▸ **Problem requirements**
From the data below, repeat everything exactly except the images.

▸ **Data block**
== Segment start ==
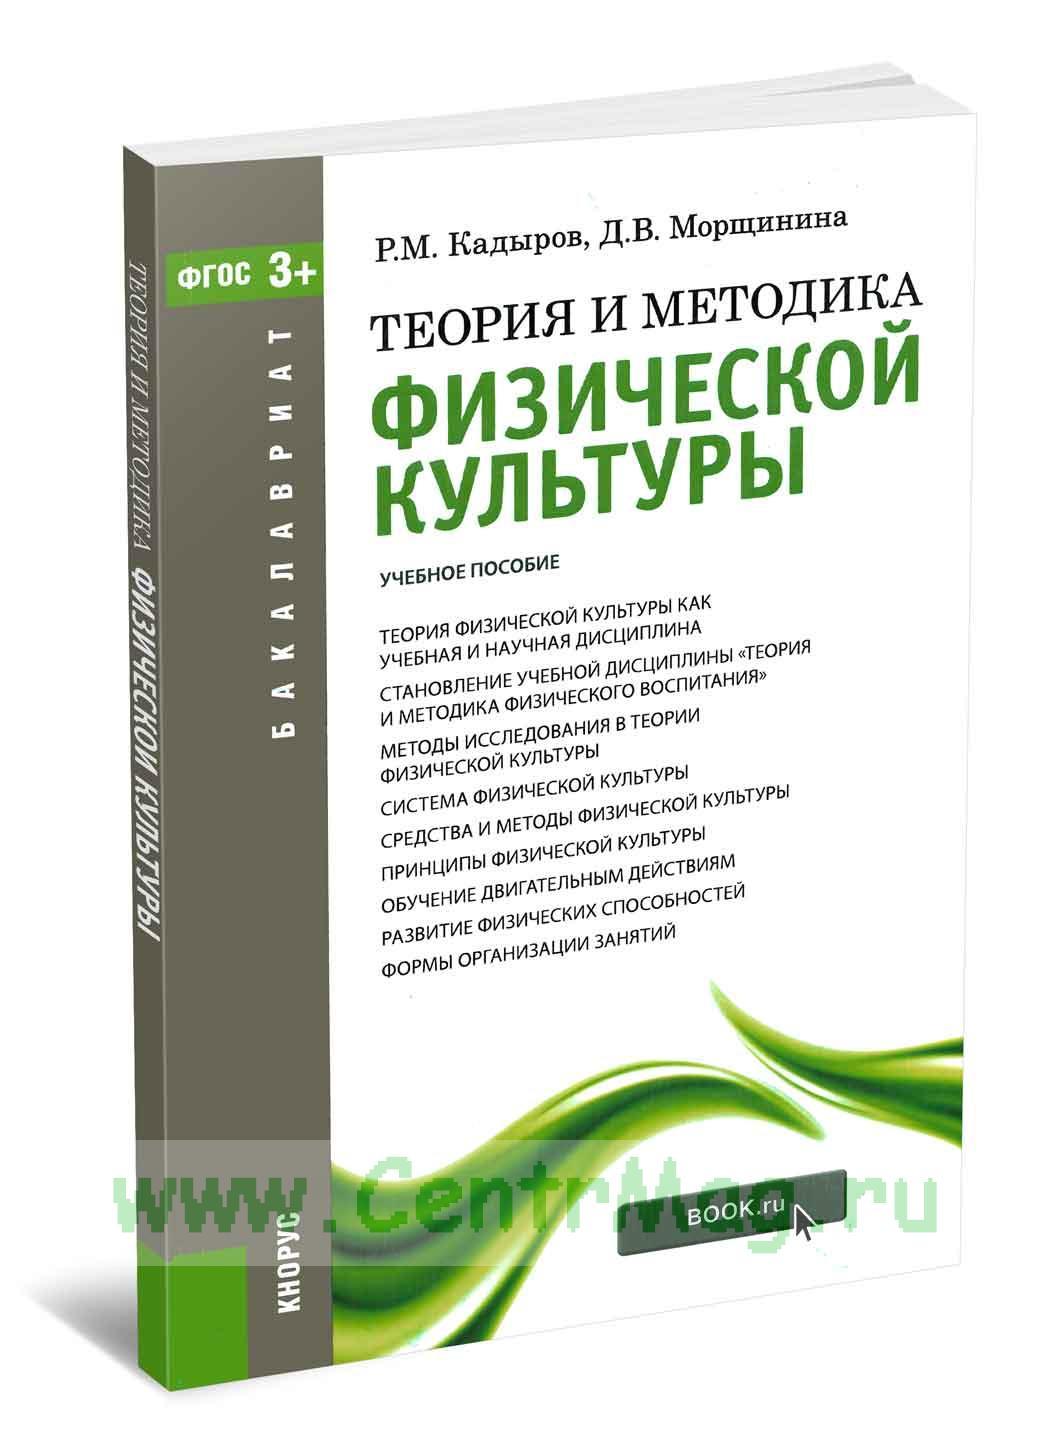 Теория и методика физической культуры: учебное пособие
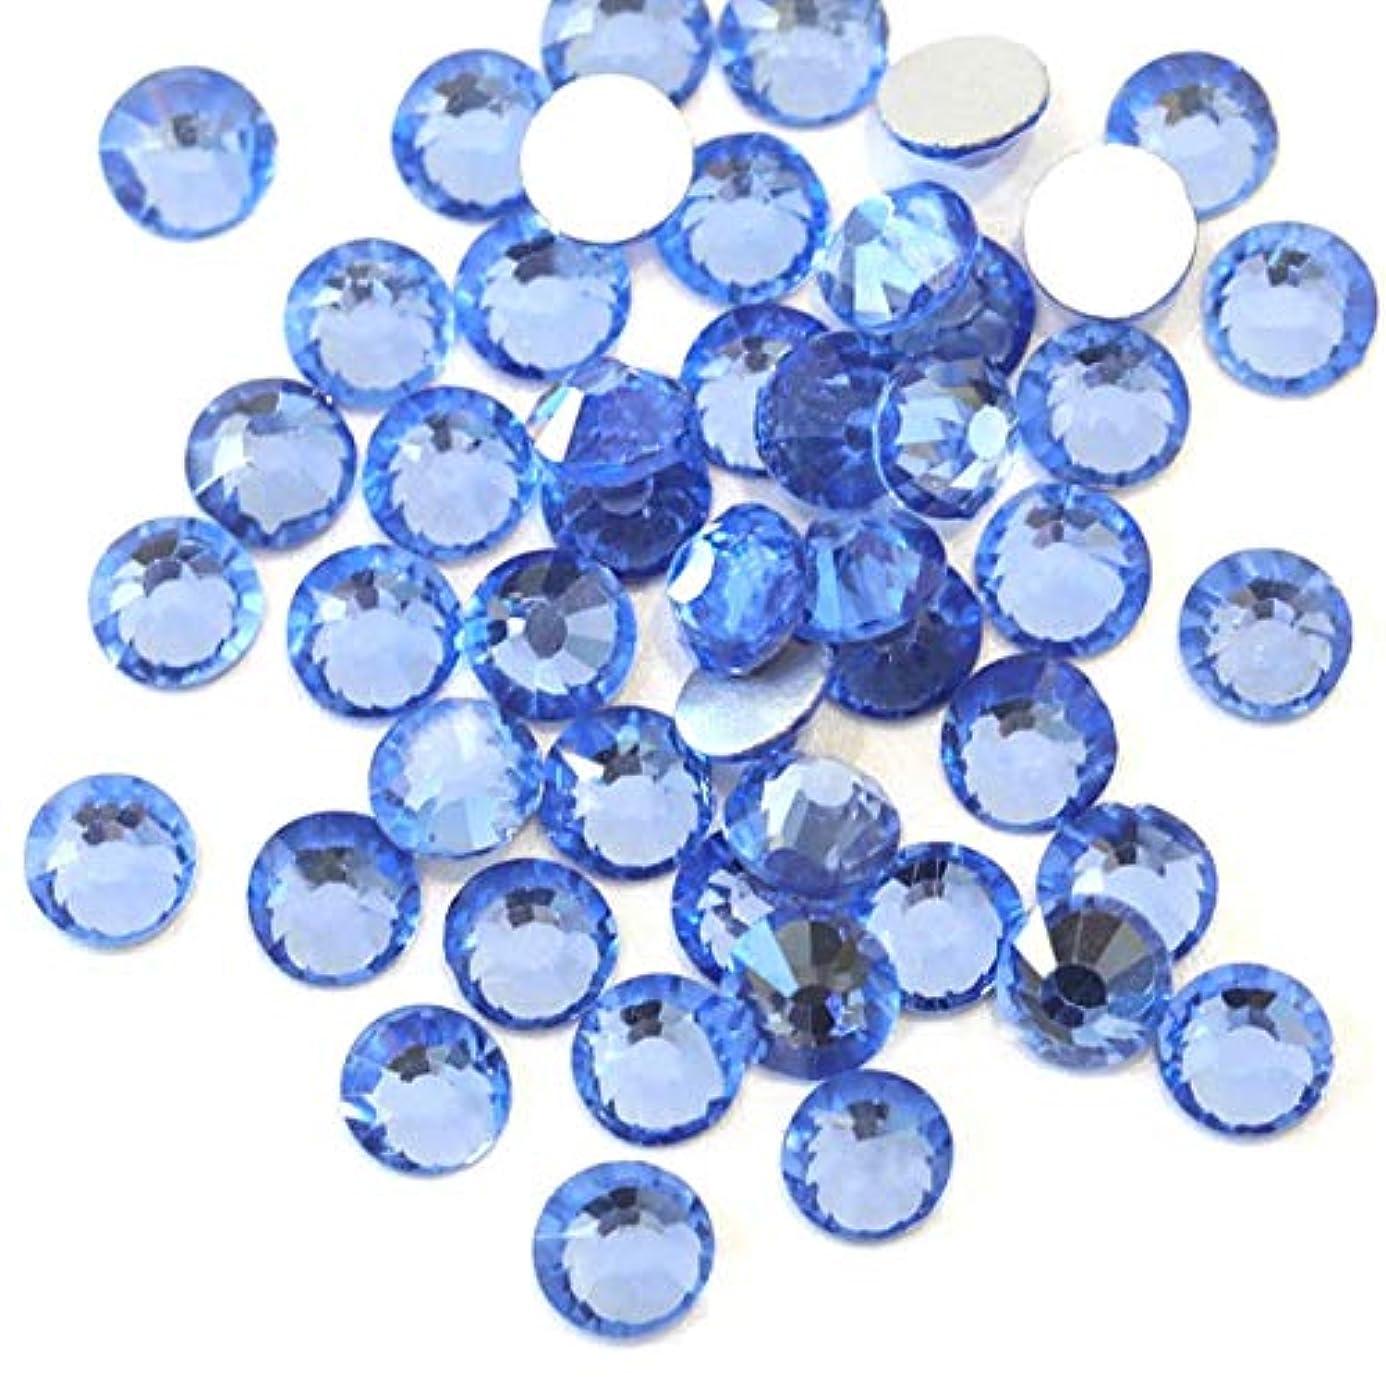 適合アドバンテージつかいます【ラインストーン77】 超高級 ガラス製ラインストーン SS4~SS40 ライトサファイア スワロフスキー同等 (1.9mm (SS6) 約200粒)
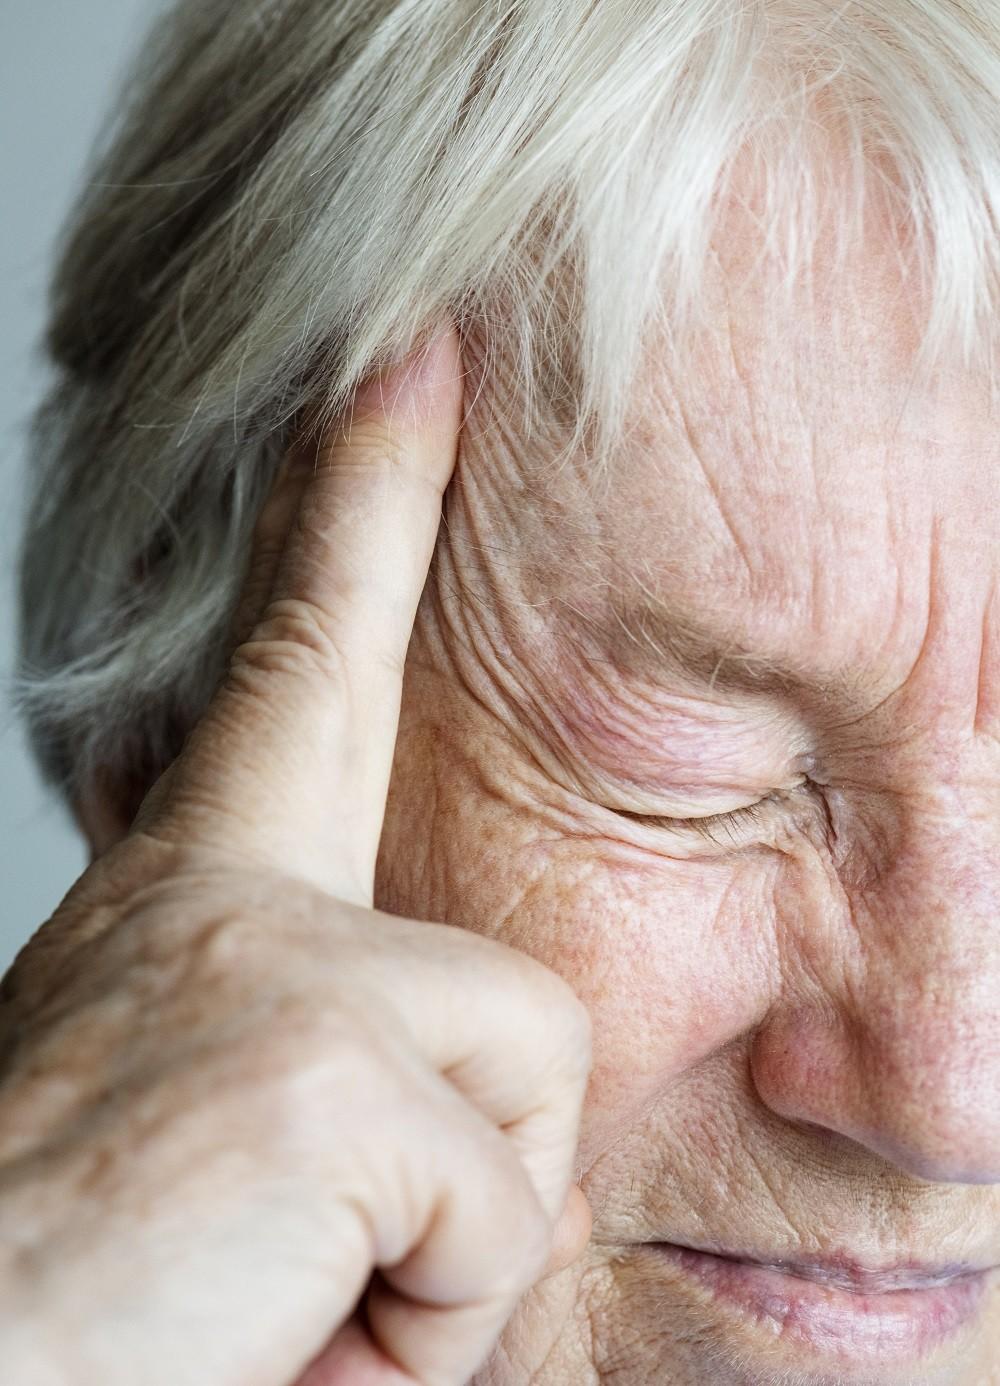 La migraña causa un dolor insoportable de cabeza
== Segment end ==
▸ **Reply to the task**
 Теория и методика физической культуры: учебное пособие
 適合アドバンテージつかいます【ラインストーン77】 超高級 ガラス製ラインストーン SS4~SS40 ライトサファイア スワロフスキー同等 (1.9mm (SS6) 約200粒)
 La migraña causa un dolor insoportable de cabeza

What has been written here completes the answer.